• Exercise: Excluding pictures, reproduce word for word the lines from the one containing "(Sieraden) HorlogesDrie verschillende" through the end of the material below.

• Supplied data:

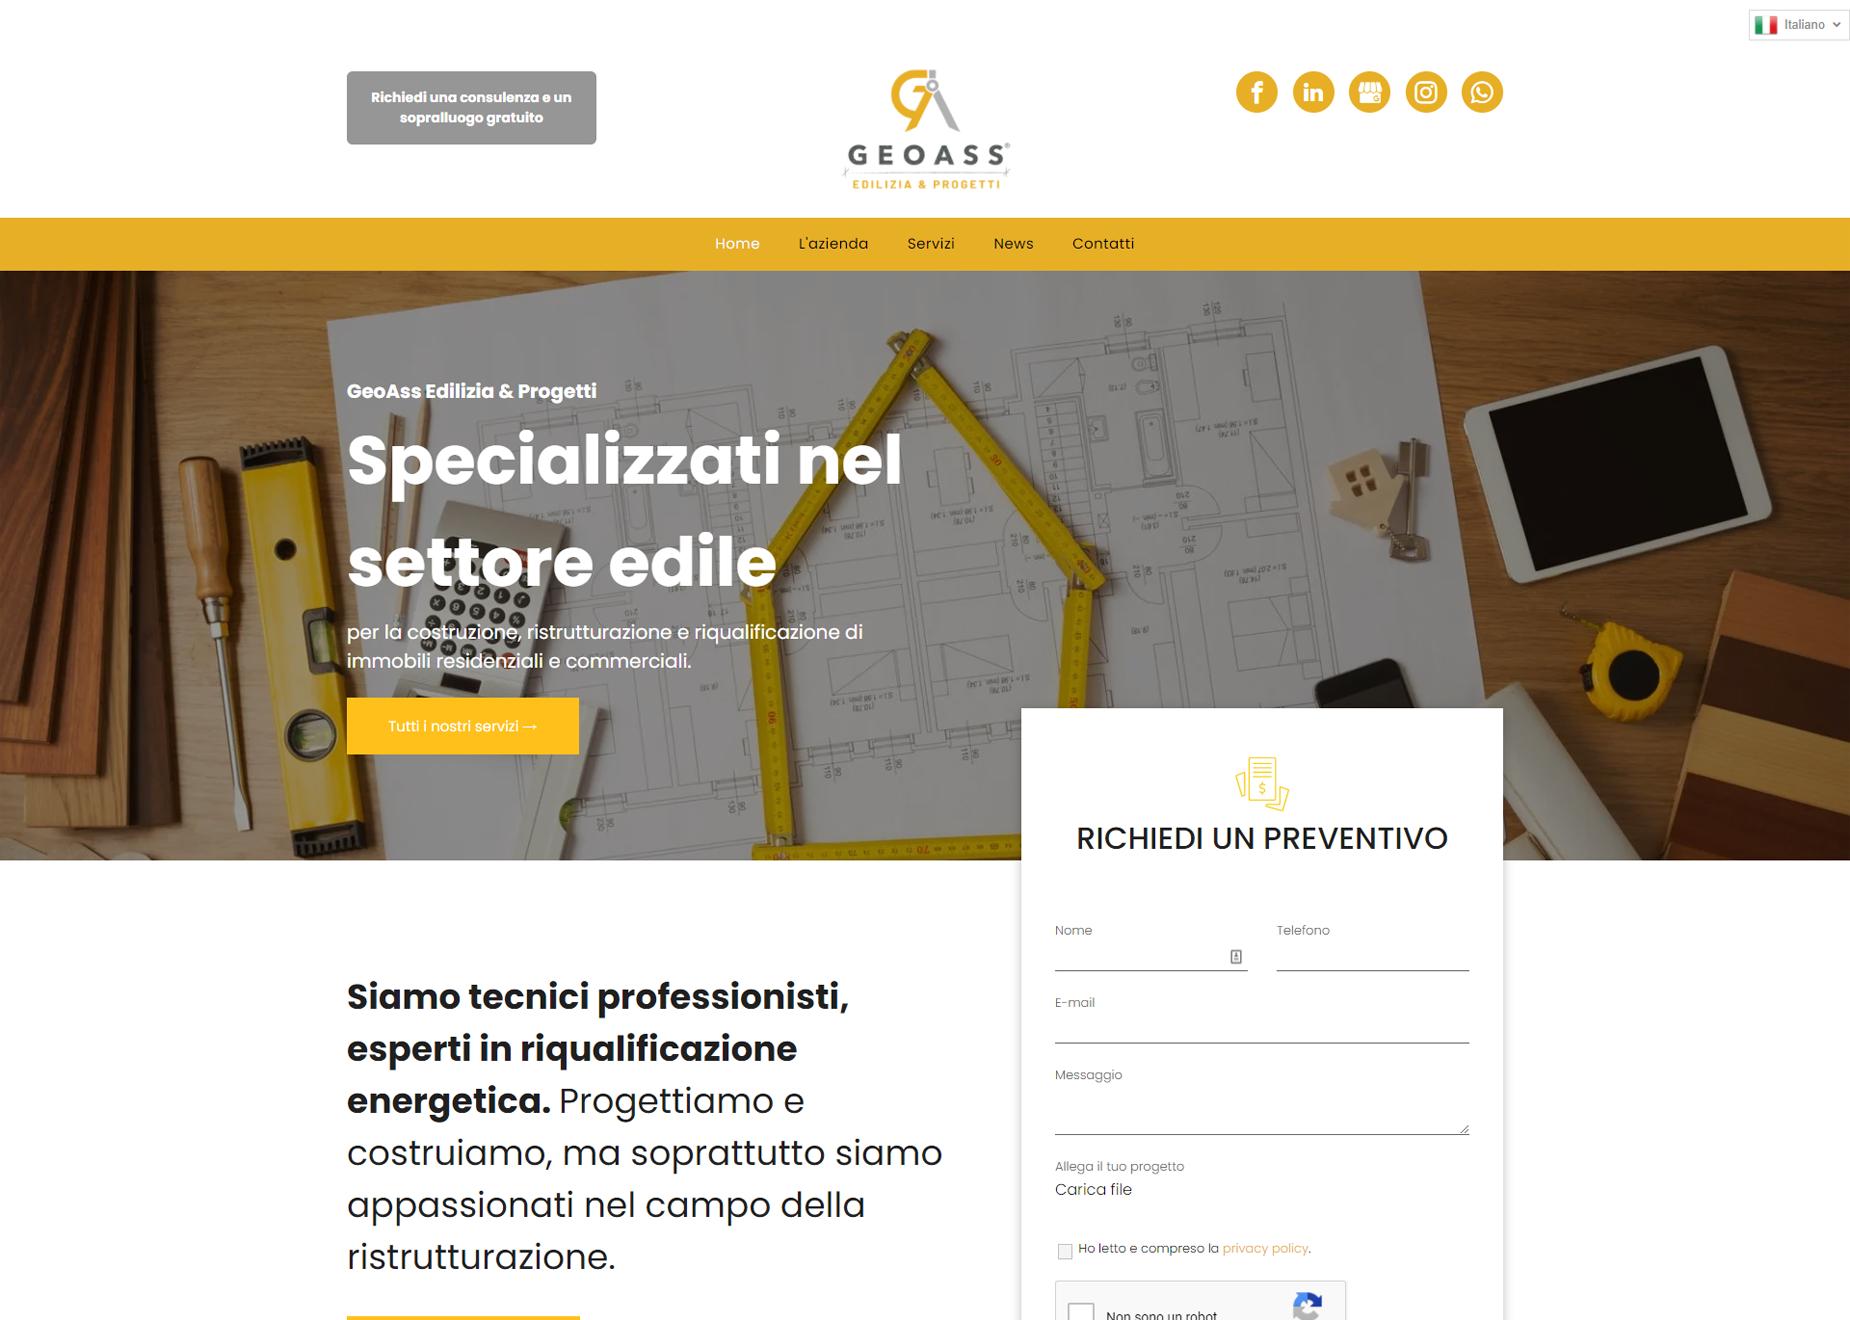 GeoAss Edilizia & Progetti
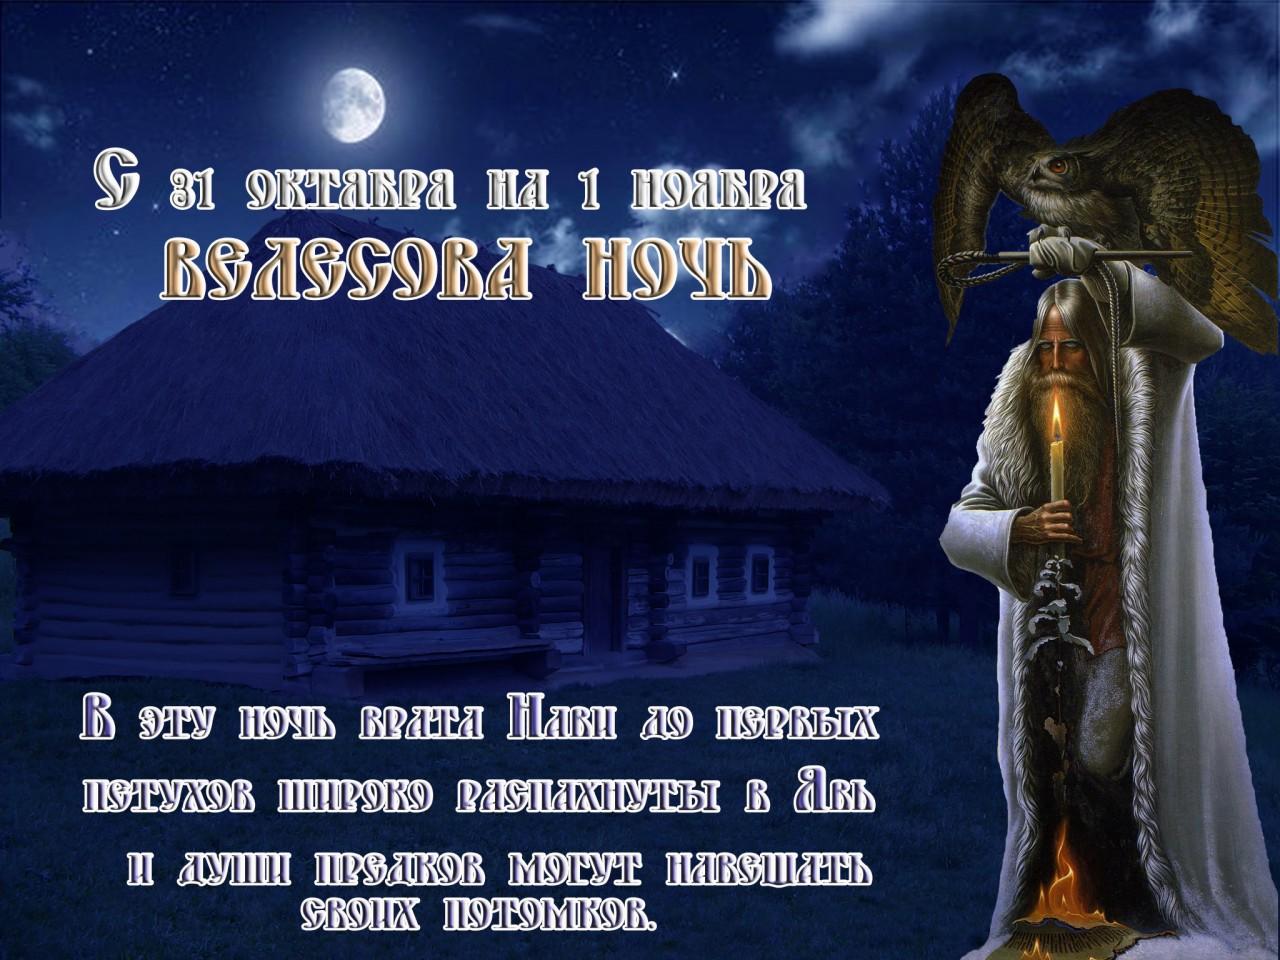 Чародейная Велесова ночь с 31 октября на 1 ноября - как встречать
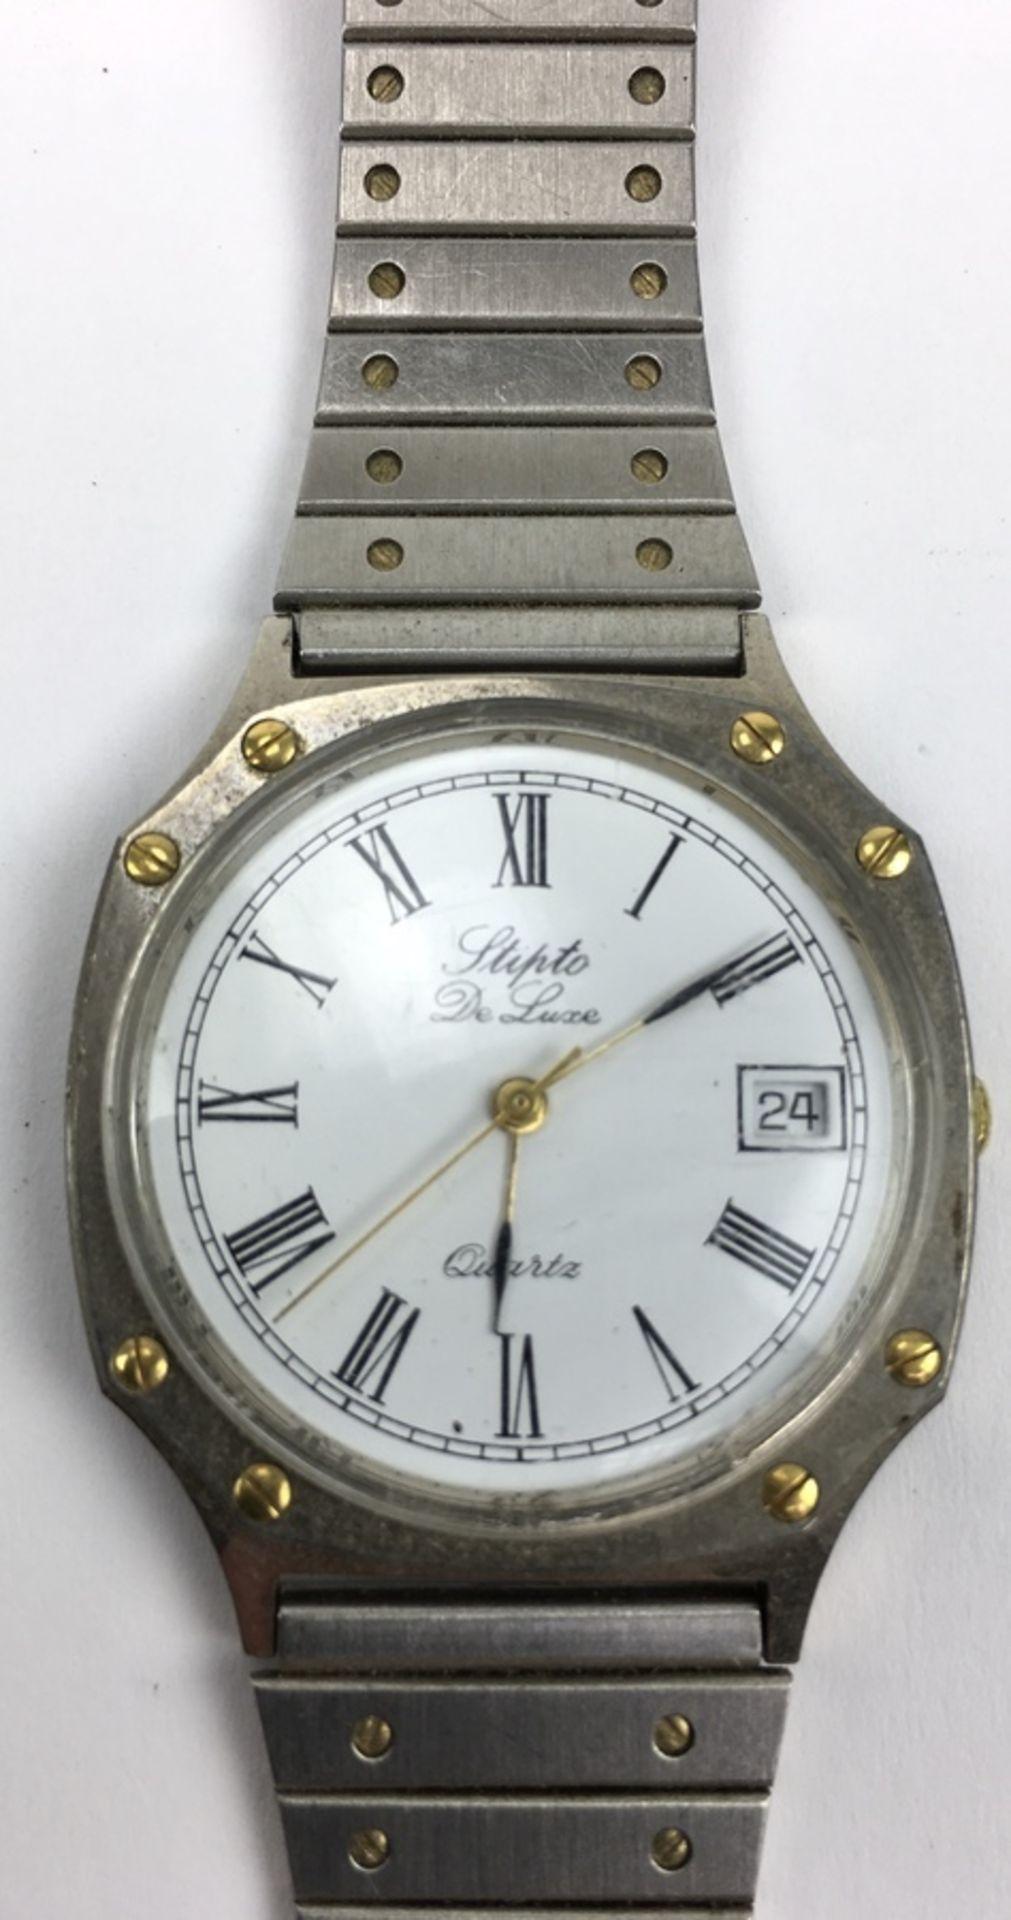 (Sieraden) HorlogesDrie verschillende merken horloges. Conditie: Gebruikssporen, niet getest. A - Image 2 of 7
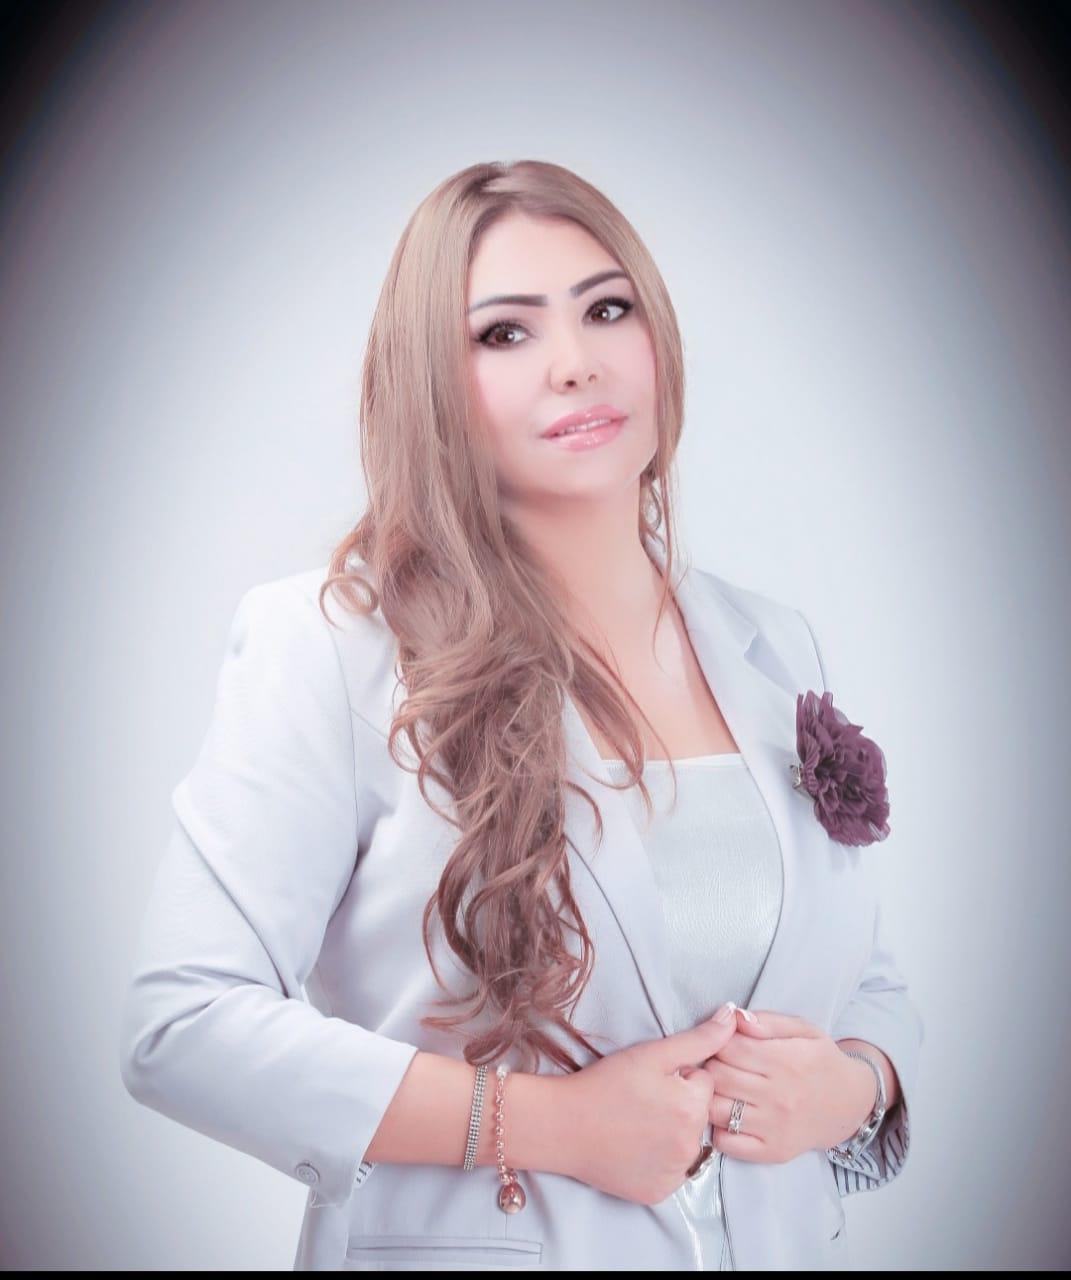 ابو العز - رشا أبو العز تستعد لتقديم برنامج اجتماعي جديد

• Exercise answer:
 (Sieraden) HorlogesDrie verschillende merken horloges. Conditie: Gebruikssporen, niet getest. A - Image 2 of 7
 ابو العز - رشا أبو العز تستعد لتقديم برنامج اجتماعي جديد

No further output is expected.